About this exercise: Please repeat the entries exactly as they appear and omit any images.

Materials provided:
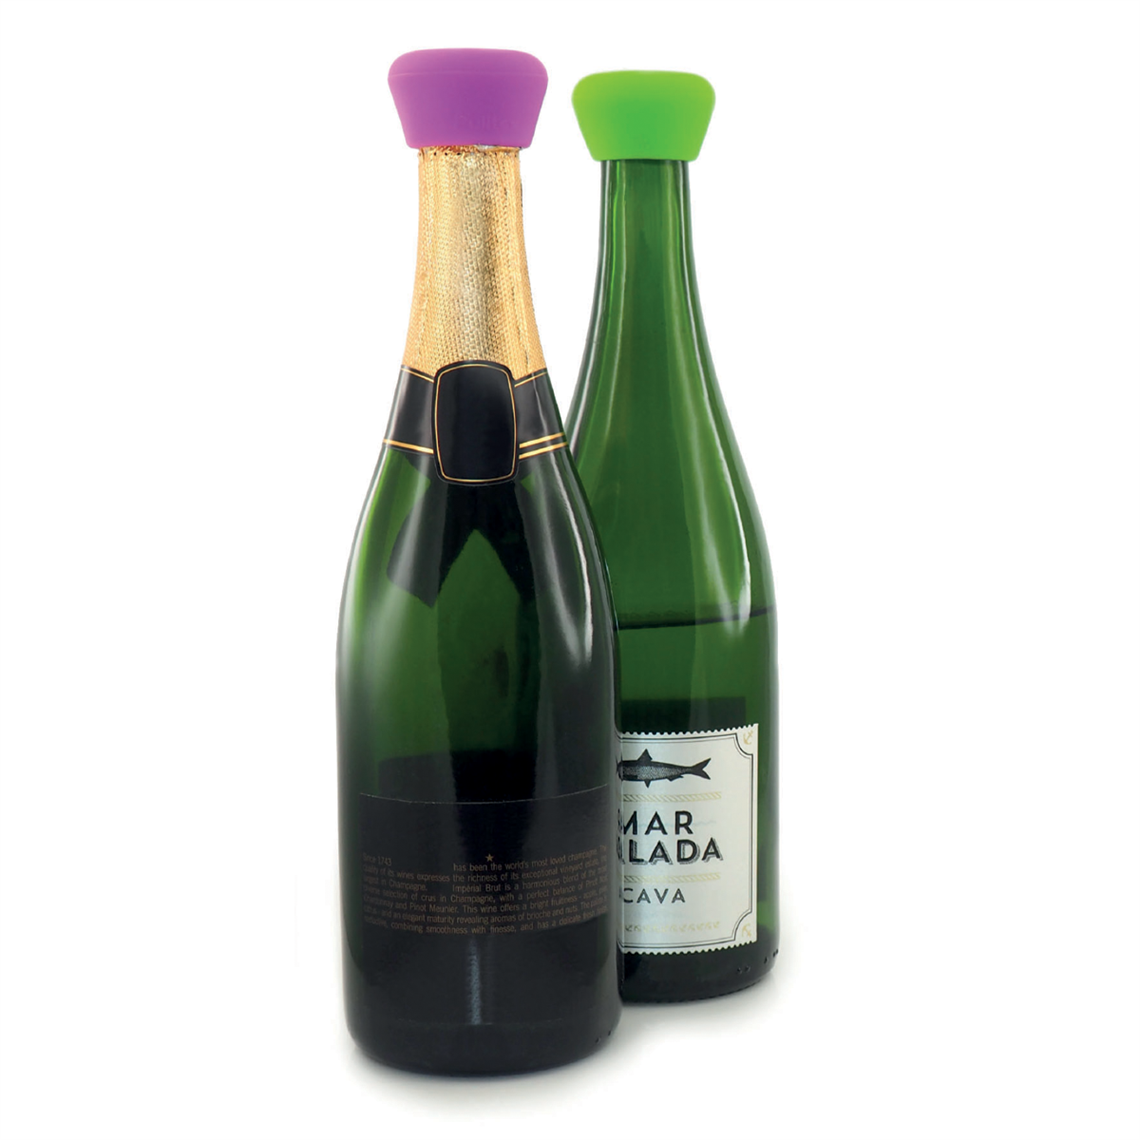 Pulltex Silicone Champagne & Sparkling Wine Bottle Stopper - Black - Set of 2
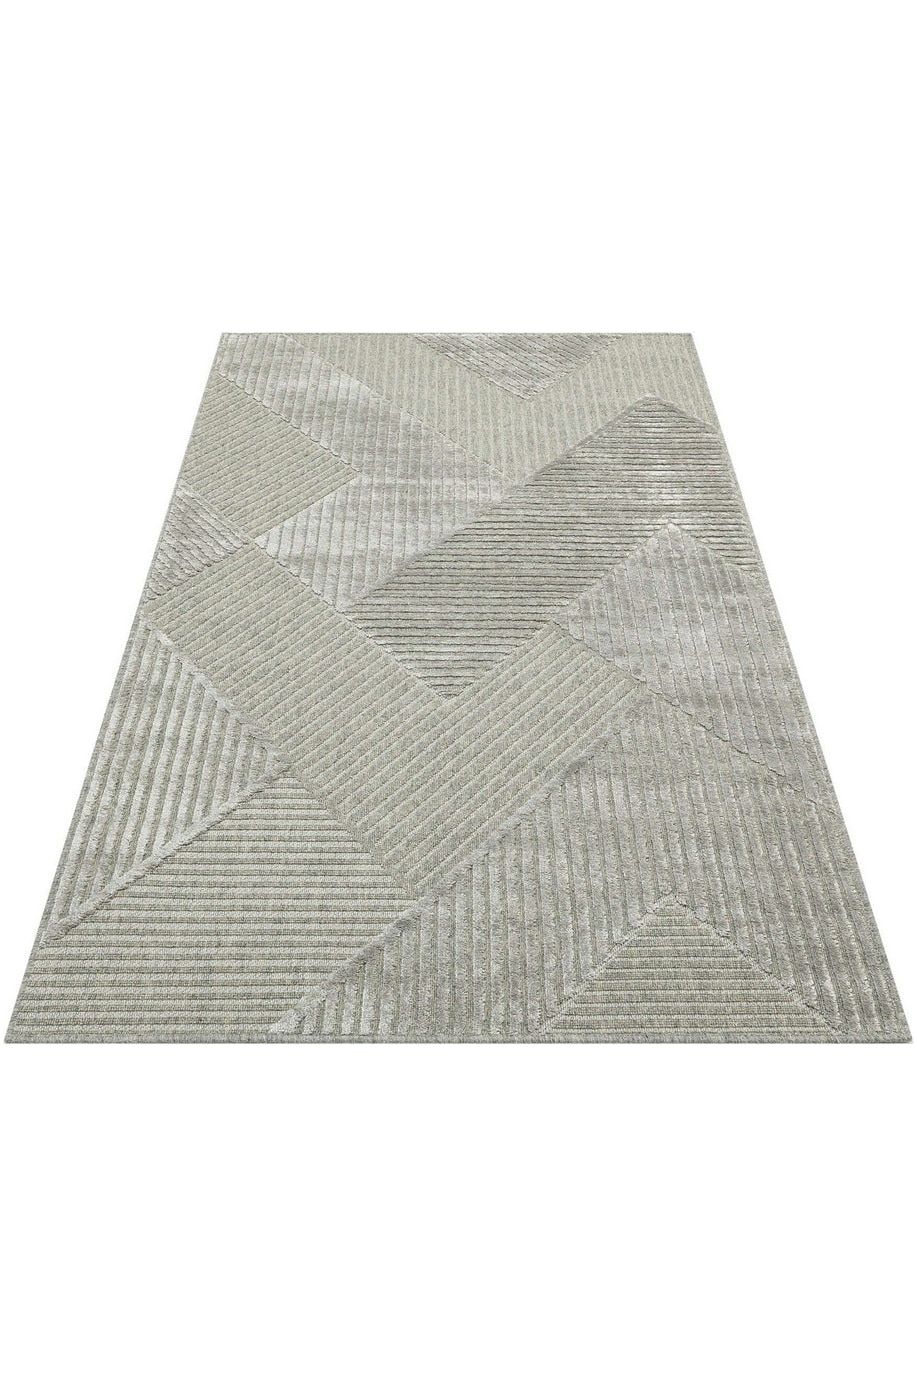 #Turkish_Carpets_Rugs# #Modern_Carpets# #Abrash_Carpets#Znt 01 Grey
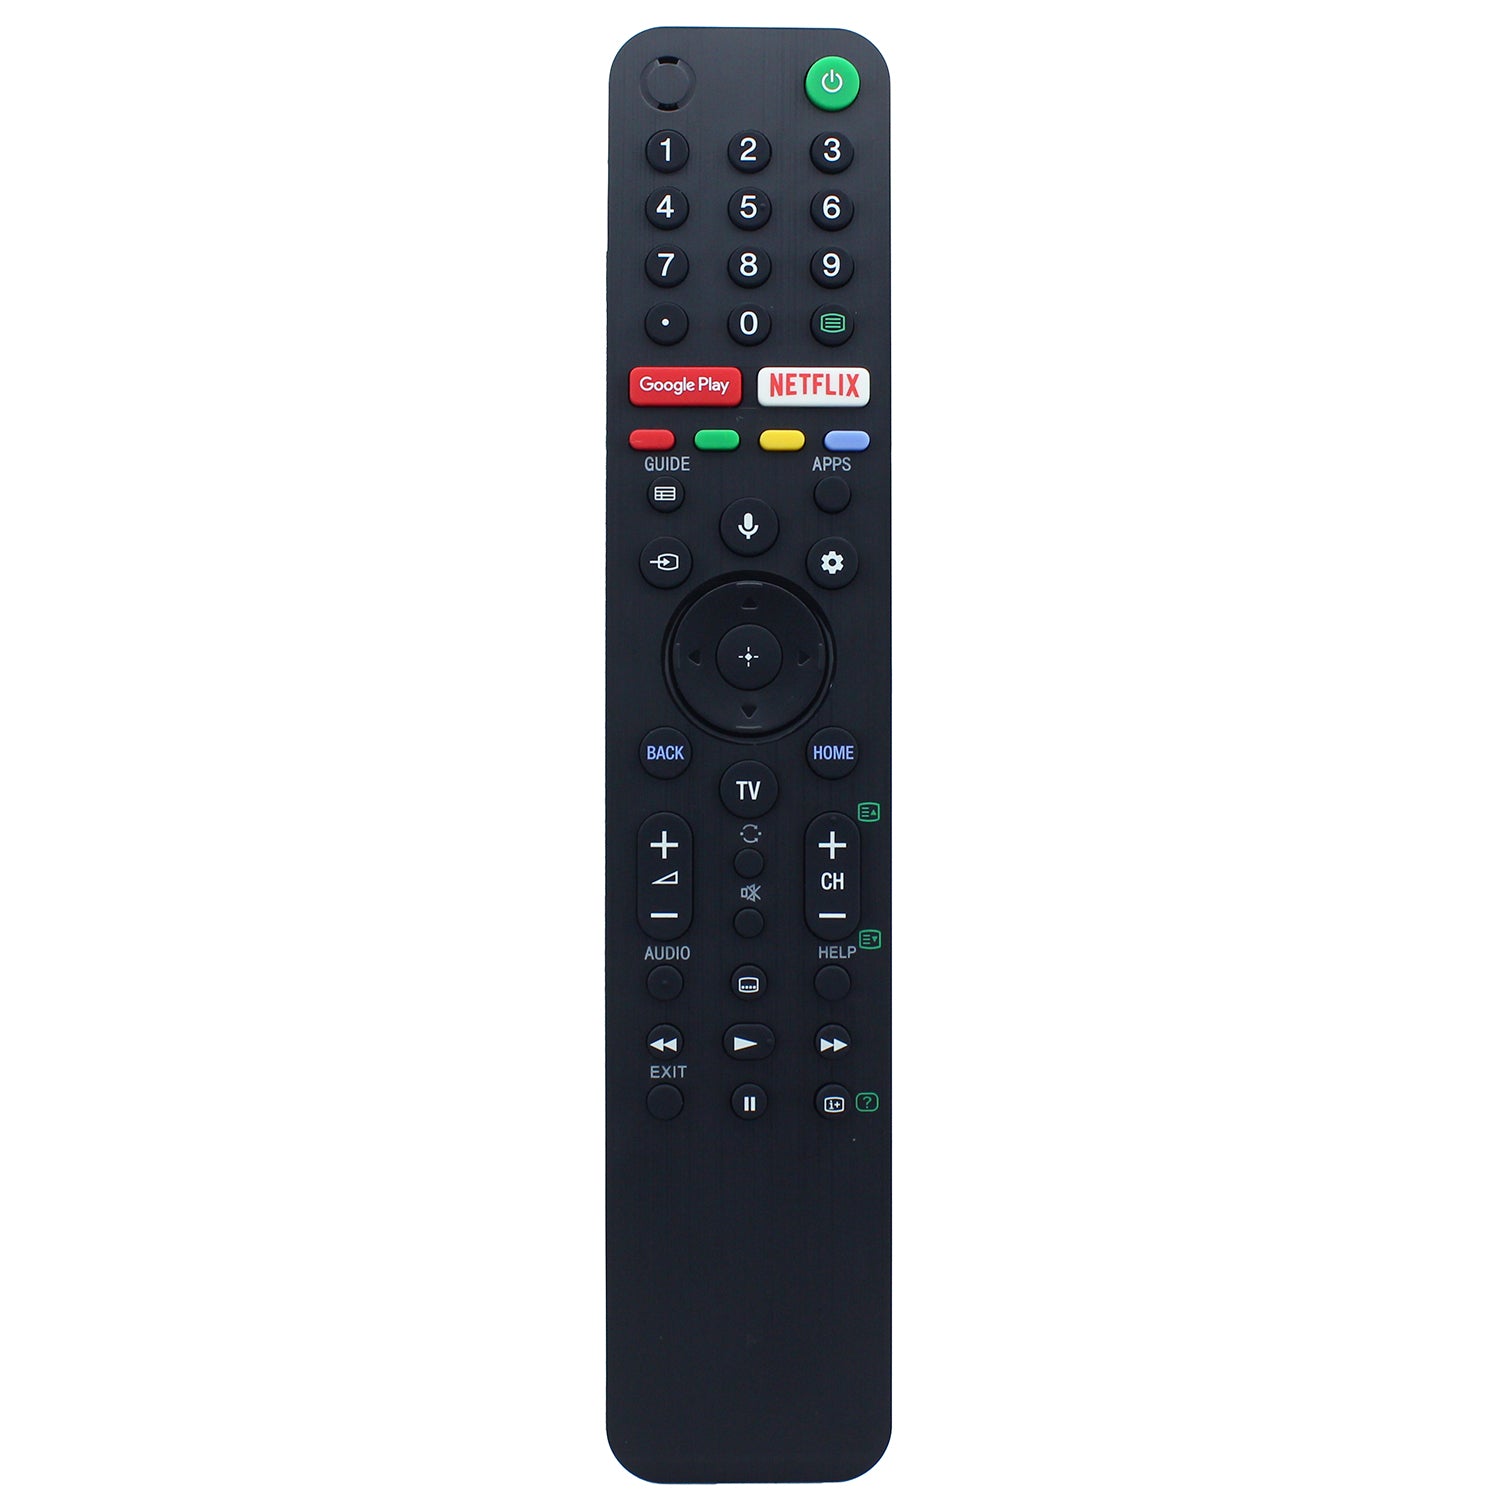 RMF-TX500P RMF-TX520U RMF-TX500U IR Remote Control Replacement For Sony TV
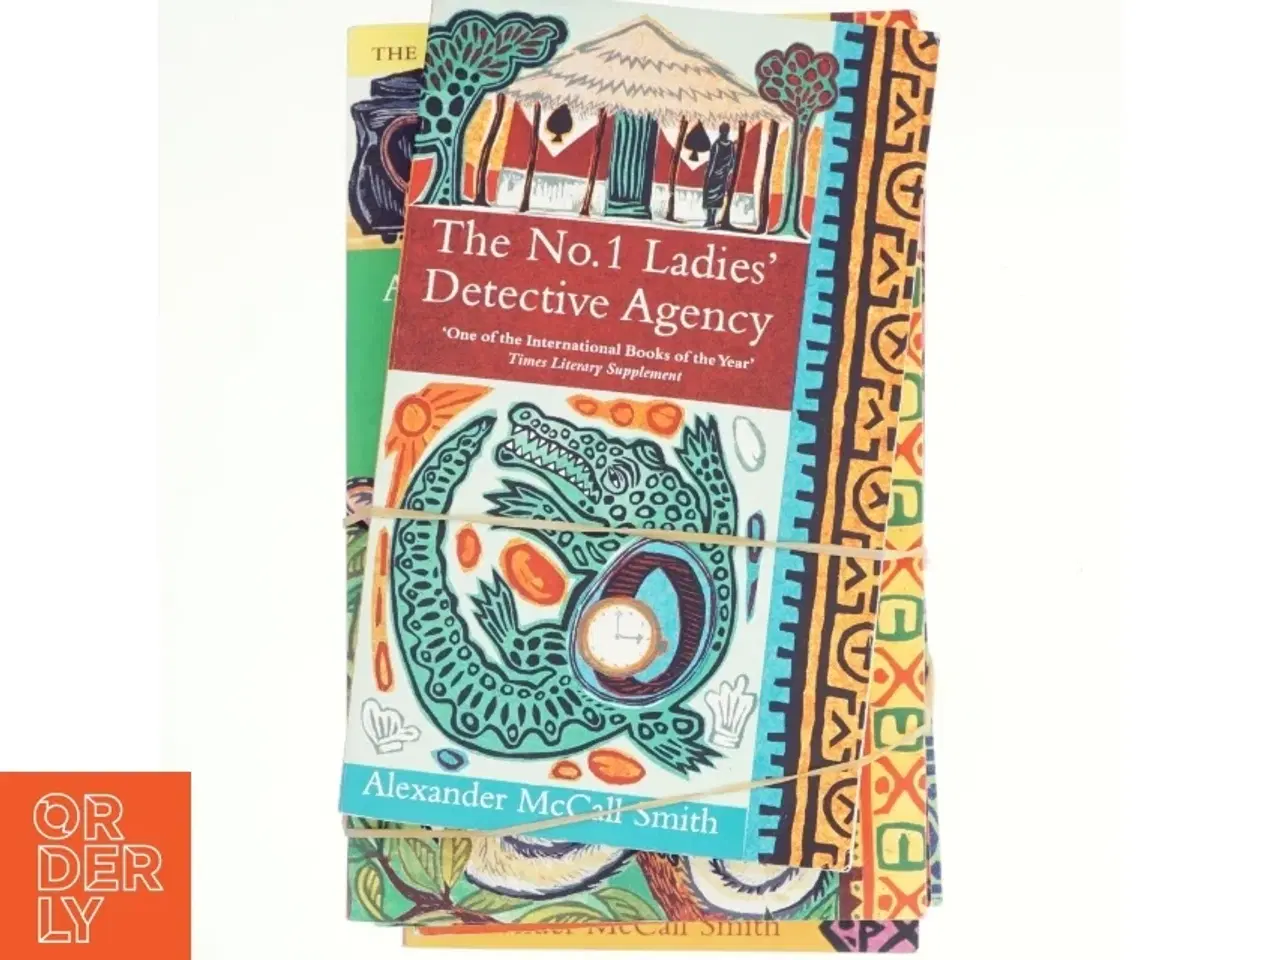 Billede 1 - Bogserie No. 1 Ladies Detective Agency Book Series af Alexander McCall Smith (8 books)
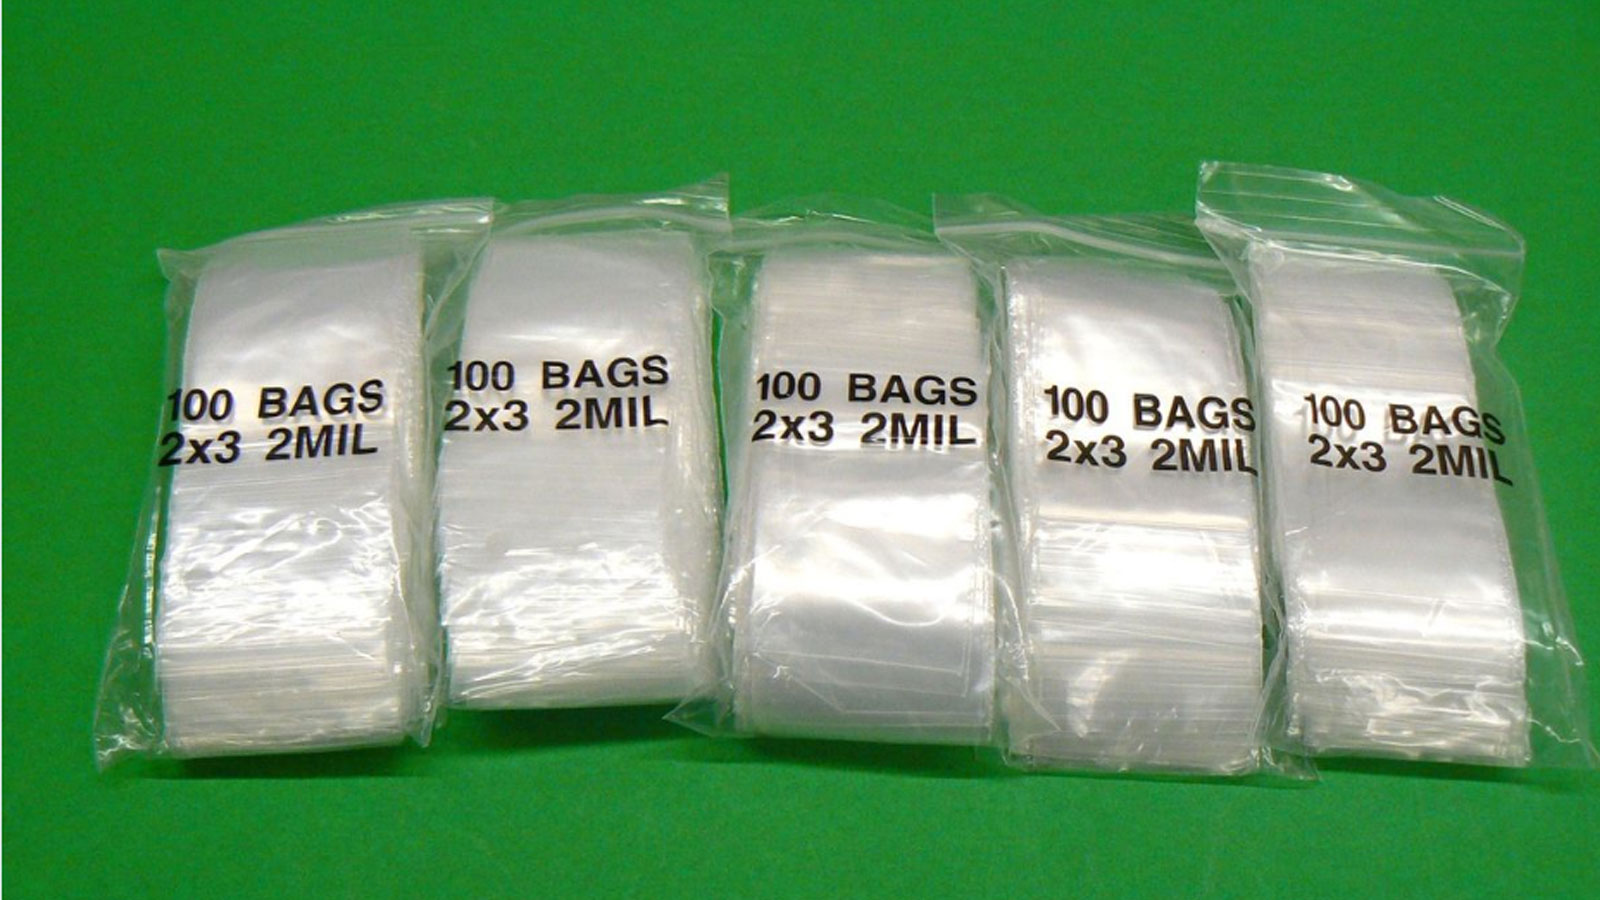 Packaging Materials Manufacturer and Supplier of Plastic bags, Printed plastic bags, Printed Polythene bags in In Gurgaon, Manesar, Dharuhera, Neemrana, Bawal, Bhiwadi, Vilaspur and NCR

Answer to this problem:
 Pulltex Silicone Champagne & Sparkling Wine Bottle Stopper - Black - Set of 2
 #Turkish_Carpets_Rugs# #Modern_Carpets# #Abrash_Carpets#Znt 01 Grey
 RMF-TX500P RMF-TX520U RMF-TX500U IR Remote Control Replacement For Sony TV
 Billede 1 - Bogserie No. 1 Ladies Detective Agency Book Series af Alexander McCall Smith (8 books)
 Packaging Materials Manufacturer and Supplier of Plastic bags, Printed plastic bags, Printed Polythene bags in In Gurgaon, Manesar, Dharuhera, Neemrana, Bawal, Bhiwadi, Vilaspur and NCR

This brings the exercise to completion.